_The data_:
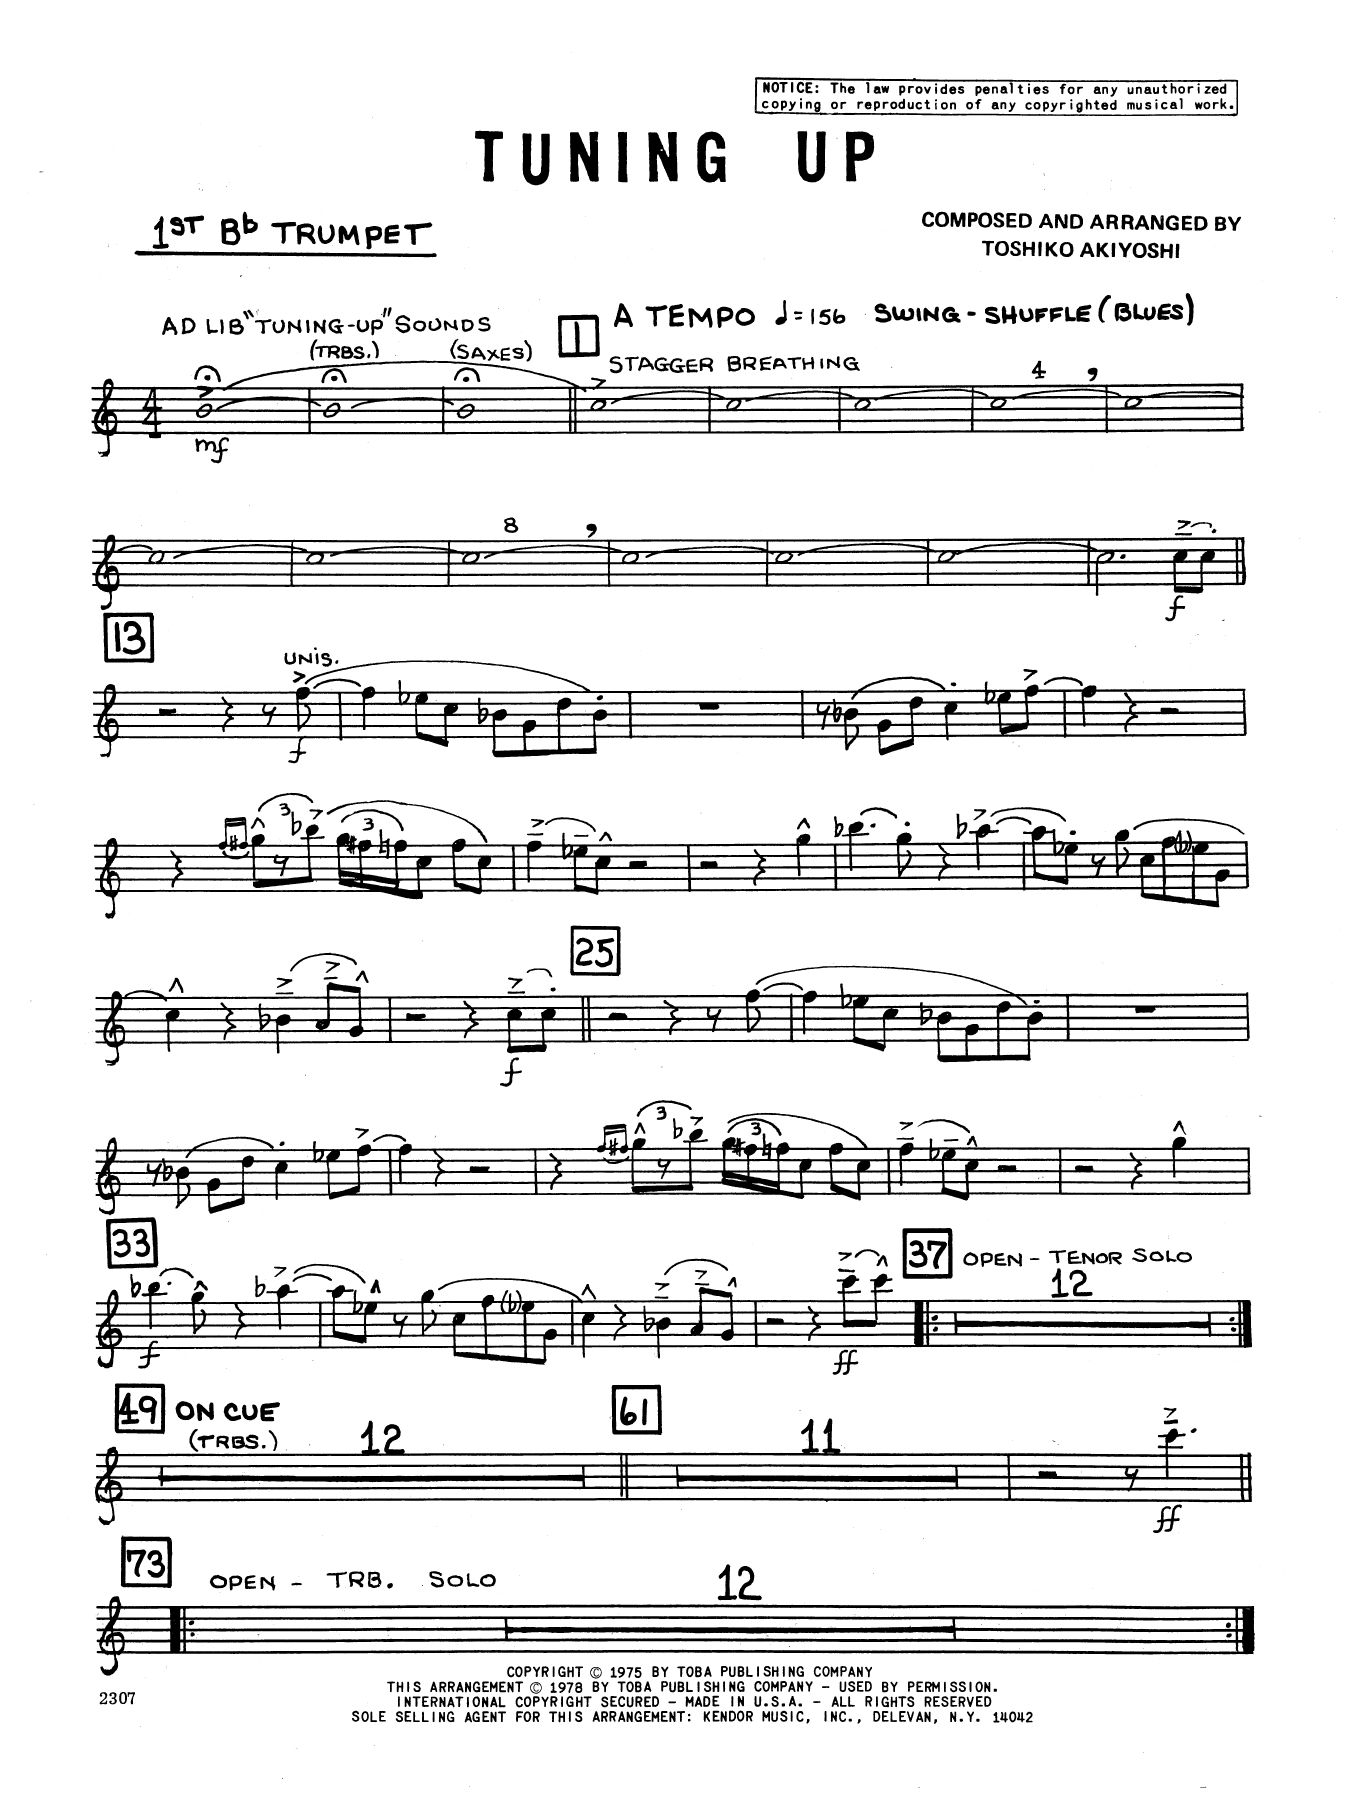 Download Toshiko Akiyoshi Tuning Up - 1st Bb Trumpet Sheet Music
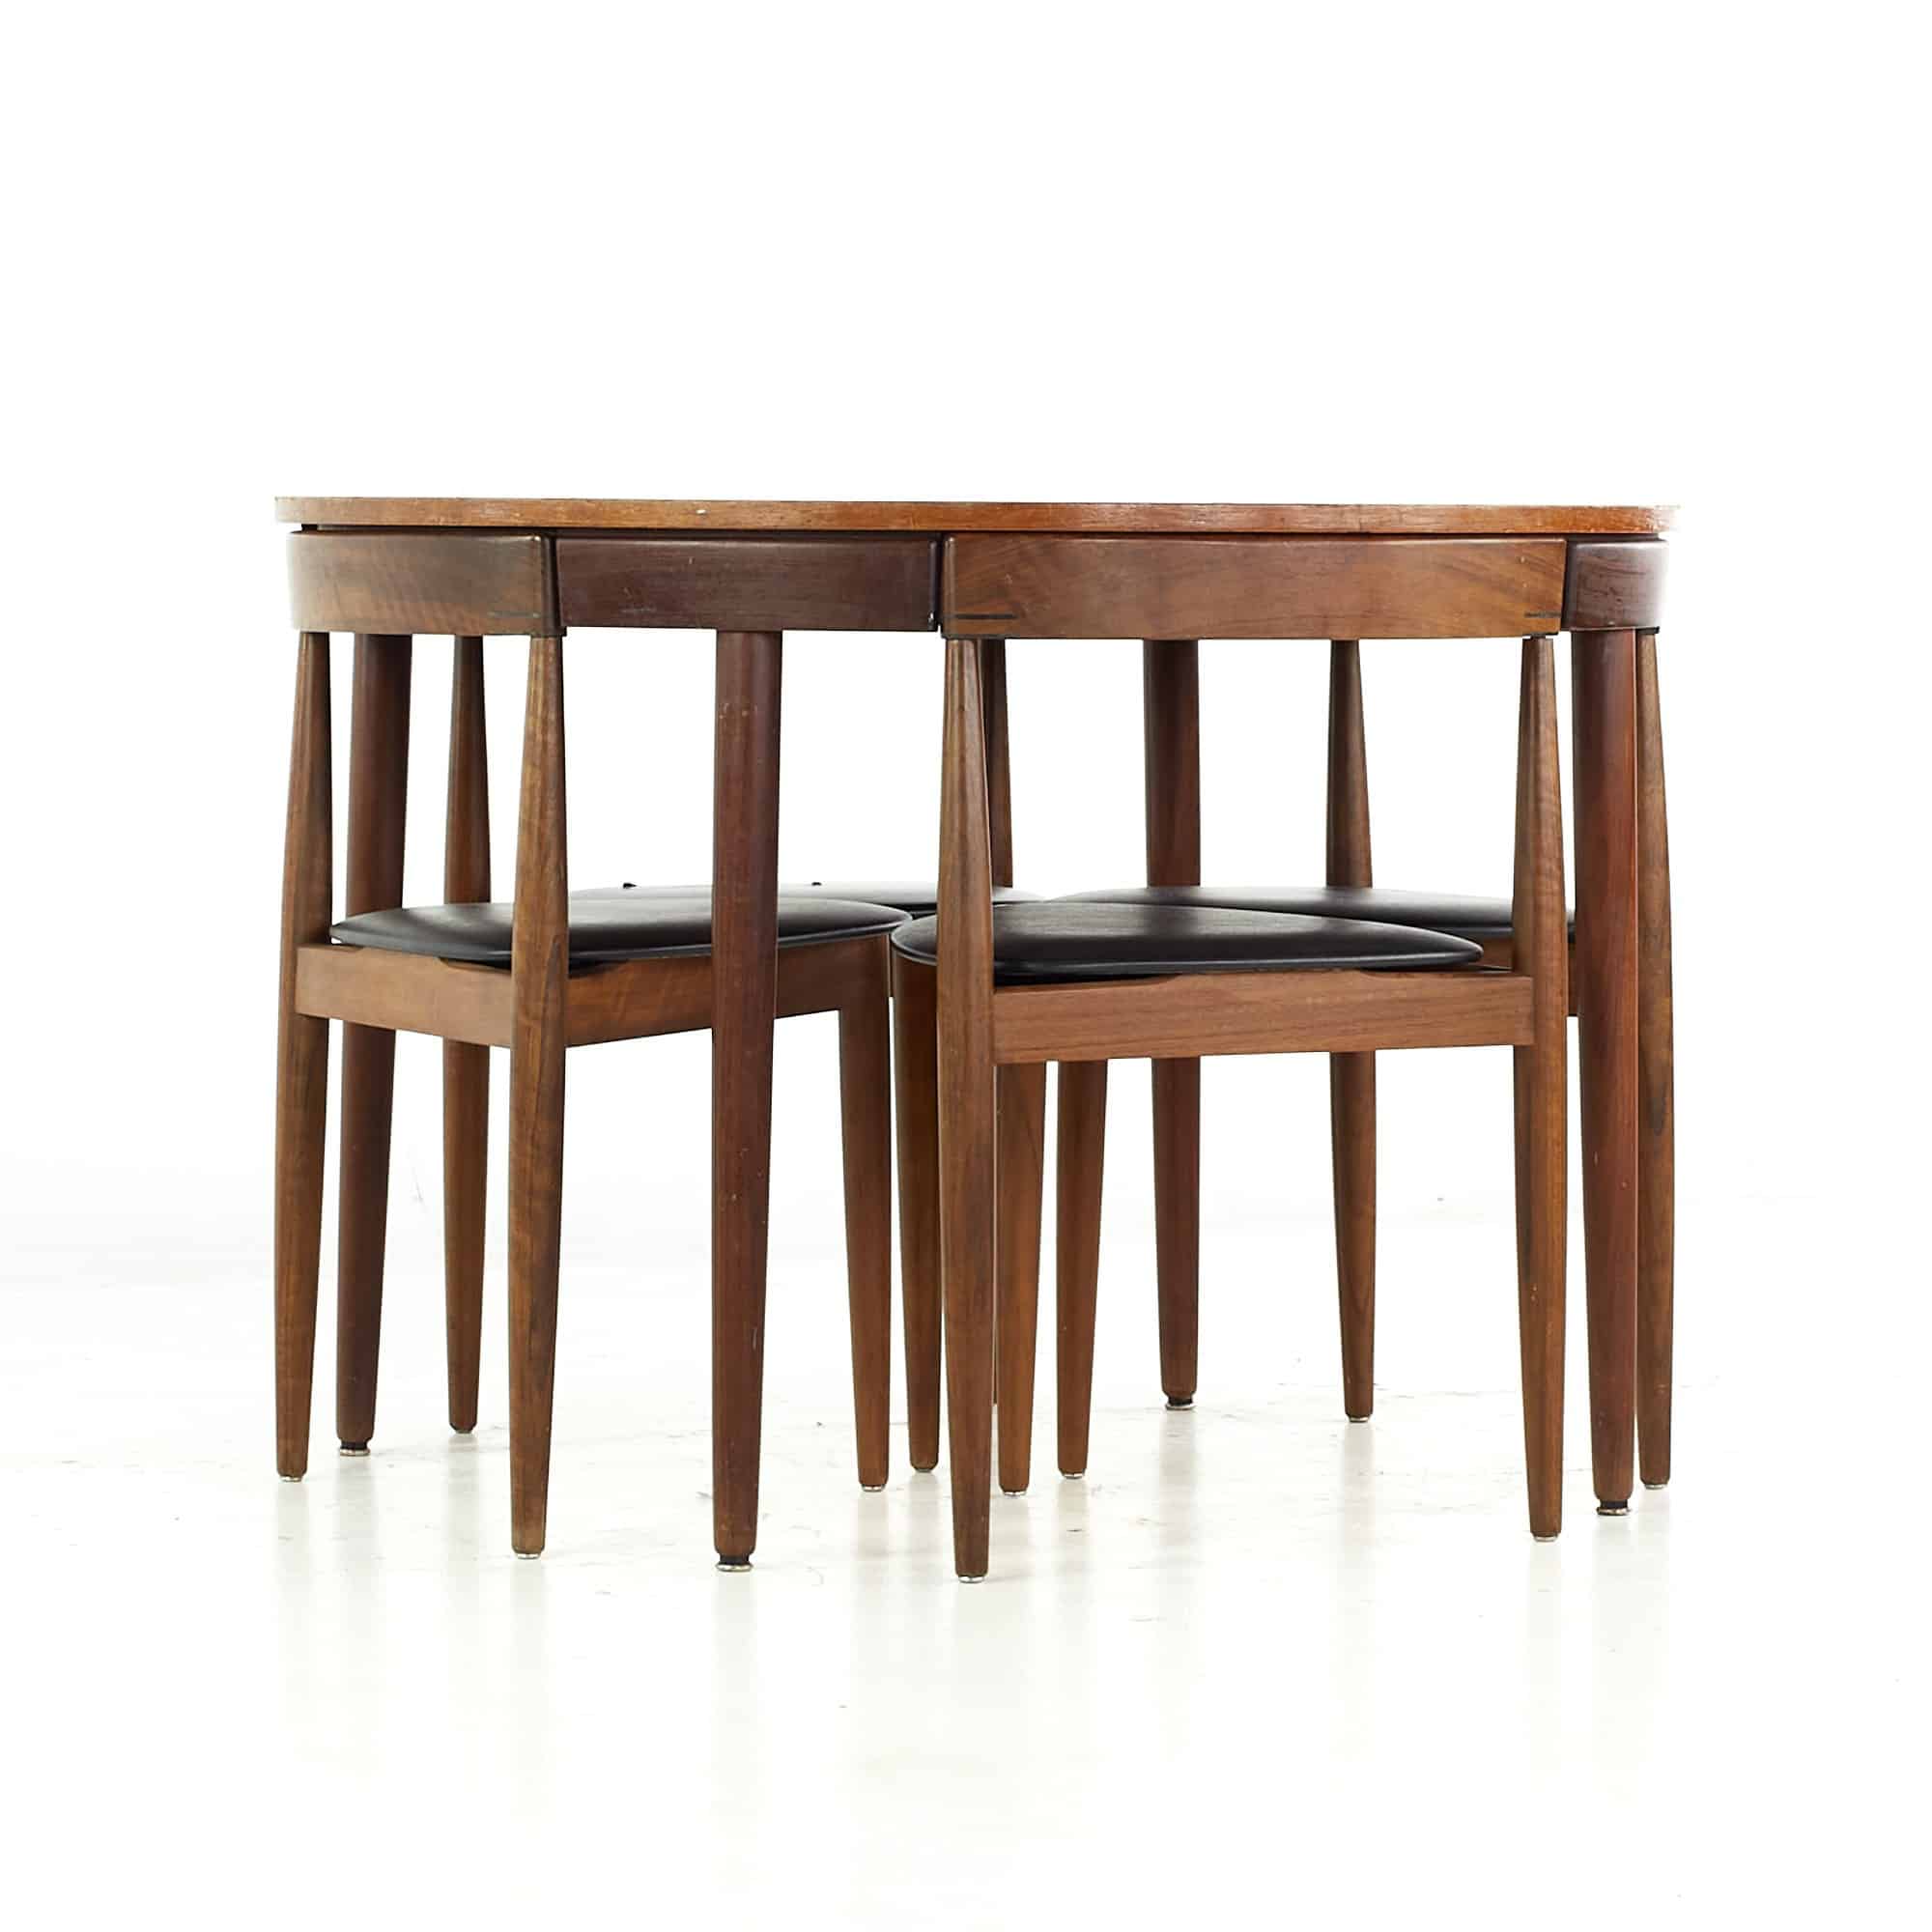 Hans Olsen for Frem Rojle Mid Century Danish Teak Dining Table with Nesting Chairs - Set of 4
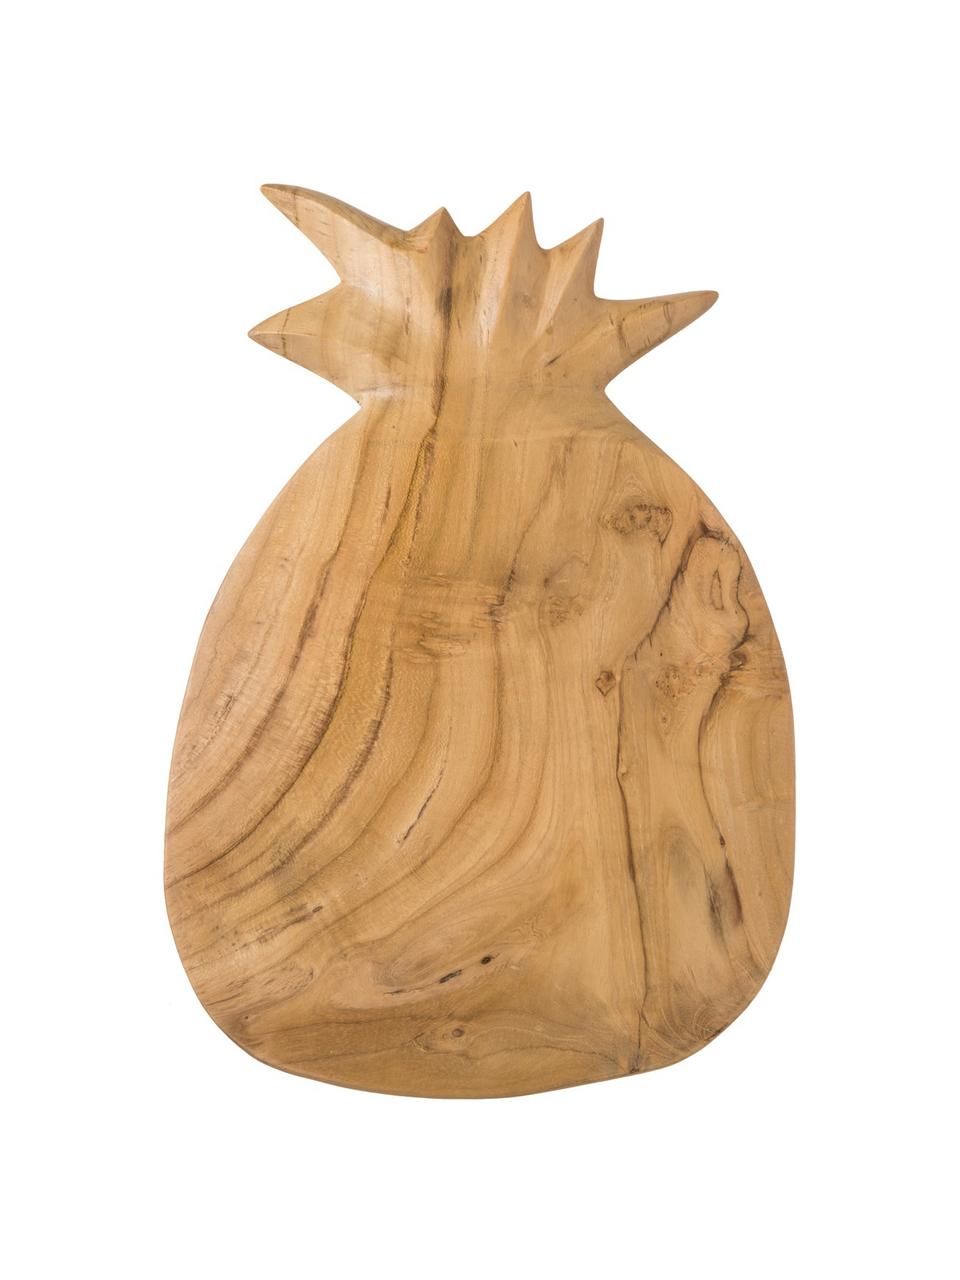 Prkénko z teakového dřeva Pine, D 35 cm x Š 23 cm, Teakové dřevo, Teakové dřevo, D 35 cm

_What the exercise asks_: Transcribe all of the lines above exactly as given. The pictures stay out.

_Response area_:
 Download Toshiko Akiyoshi Tuning Up - 1st Bb Trumpet Sheet Music
 Hans Olsen for Frem Rojle Mid Century Danish Teak Dining Table with Nesting Chairs - Set of 4
 Prkénko z teakového dřeva Pine, D 35 cm x Š 23 cm, Teakové dřevo, Teakové dřevo, D 35 cm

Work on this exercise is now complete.